## [Records from a dataset]
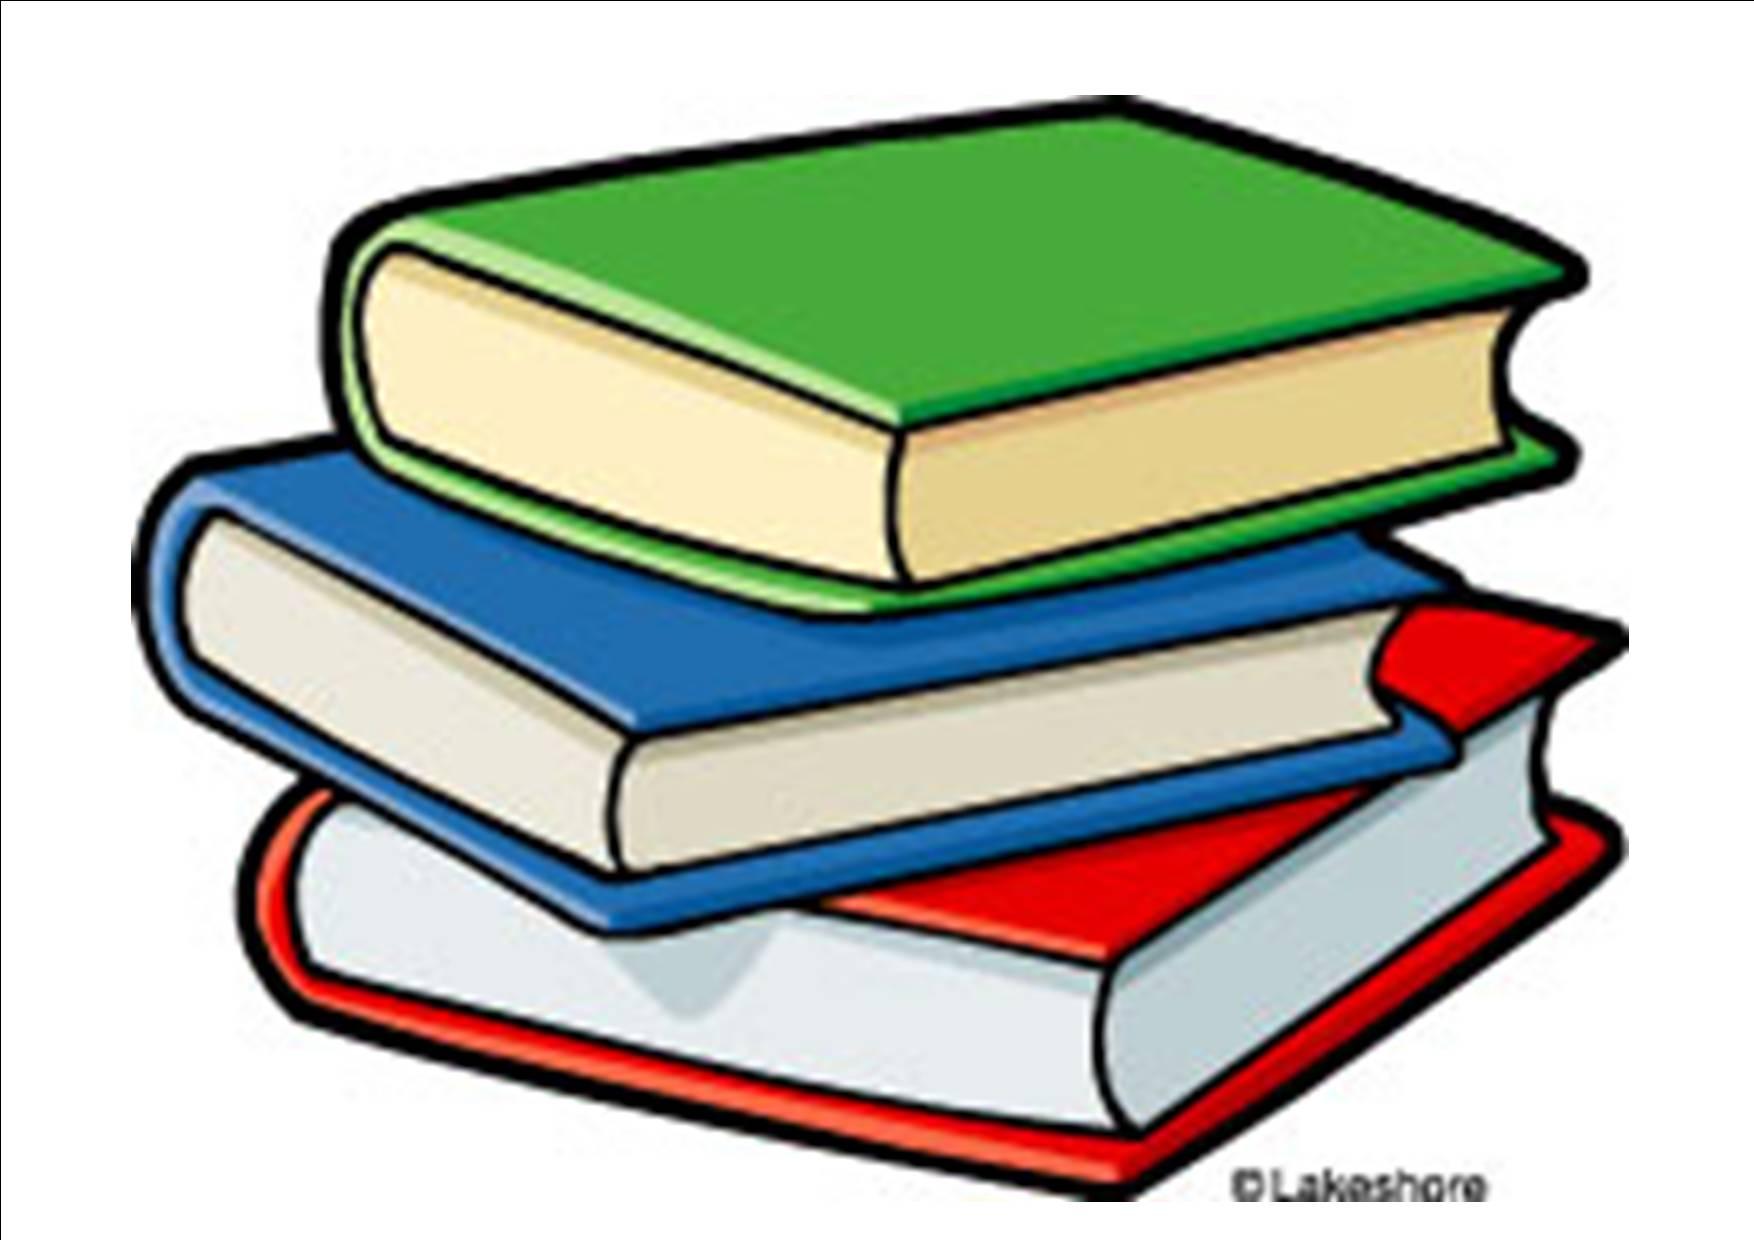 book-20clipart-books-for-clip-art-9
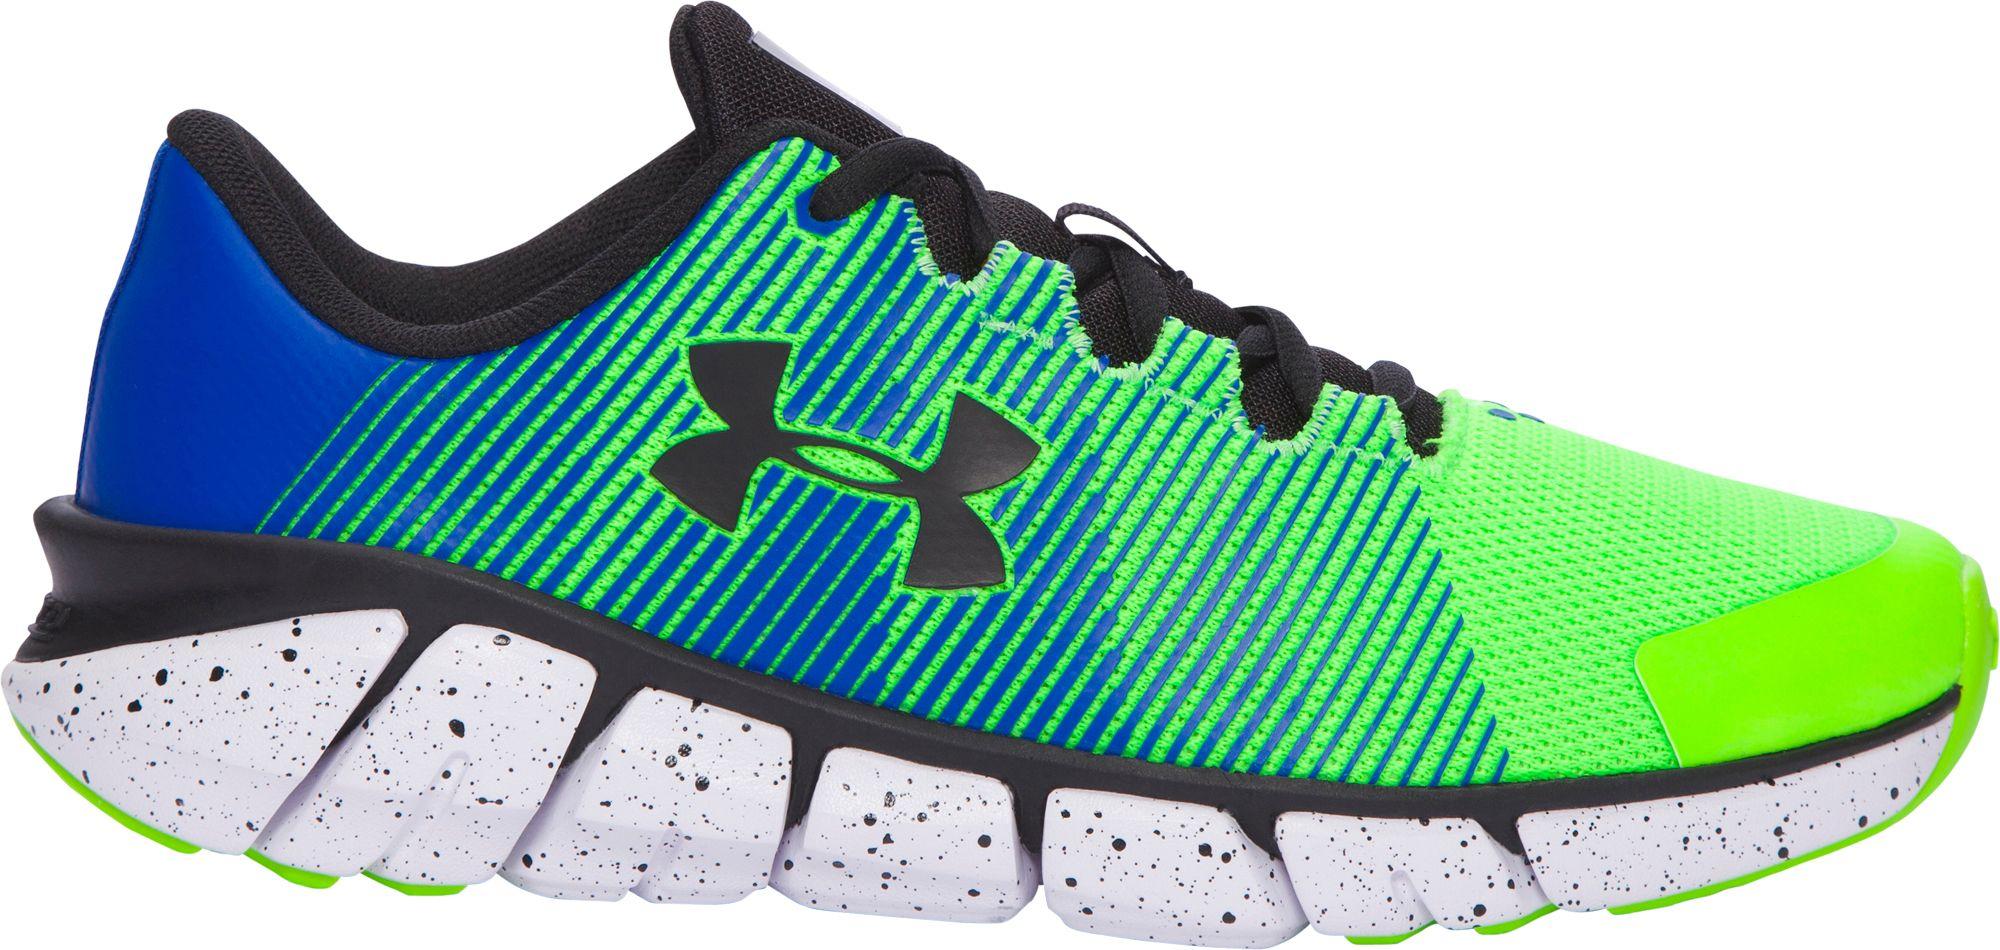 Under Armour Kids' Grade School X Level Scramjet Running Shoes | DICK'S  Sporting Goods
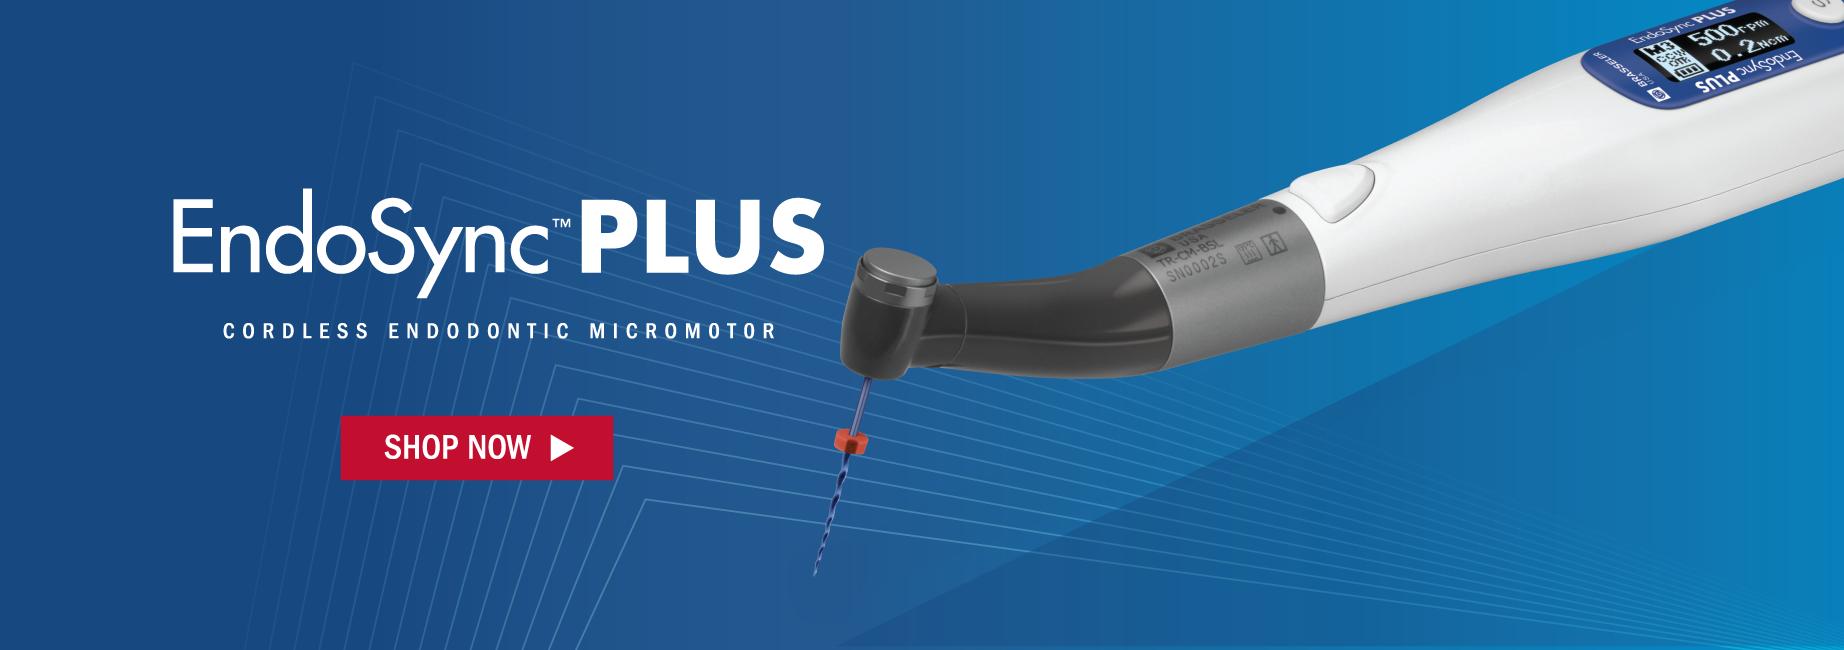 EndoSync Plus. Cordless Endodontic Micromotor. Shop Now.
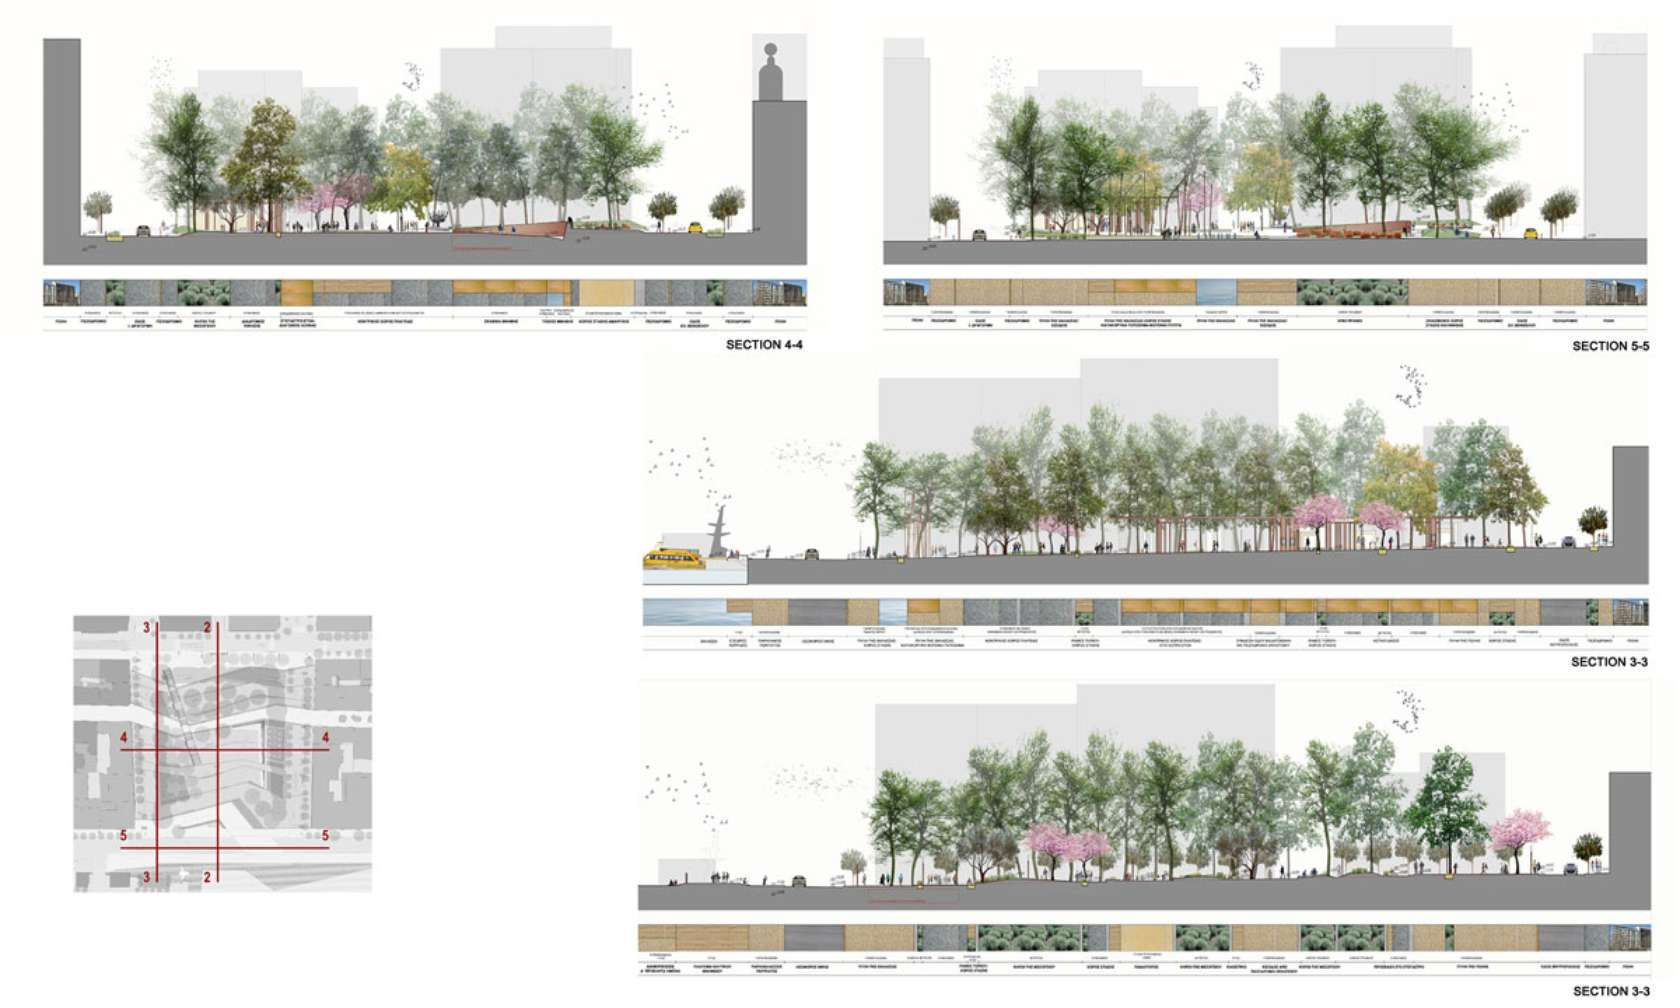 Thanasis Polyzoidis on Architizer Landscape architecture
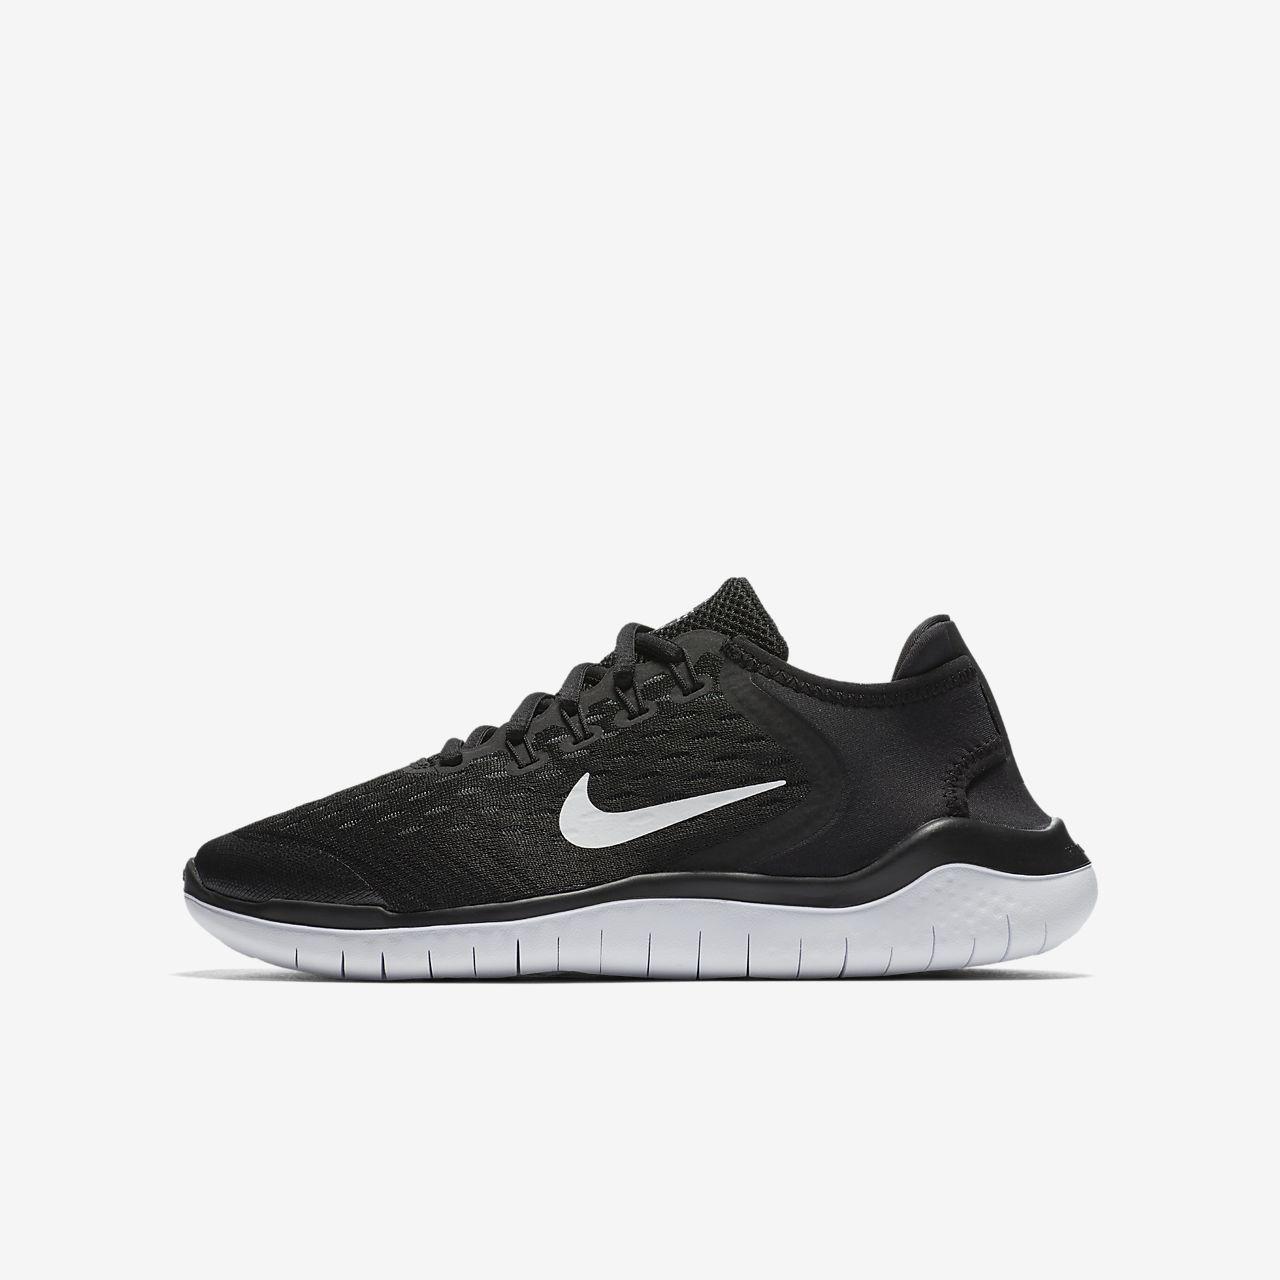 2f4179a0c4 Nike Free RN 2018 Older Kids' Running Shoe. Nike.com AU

## [TRY IT]
Every line from the one holding "EndoSync Plus. Cordless" through the final line of the data above is to be reproduced exactly, both ends included, with the pictures left out.

## [SOLUTION TO THE PROBLEM]
 EndoSync Plus. Cordless Endodontic Micromotor. Shop Now.
 Thanasis Polyzoidis on Architizer Landscape architecture
 2f4179a0c4 Nike Free RN 2018 Older Kids' Running Shoe. Nike.com AU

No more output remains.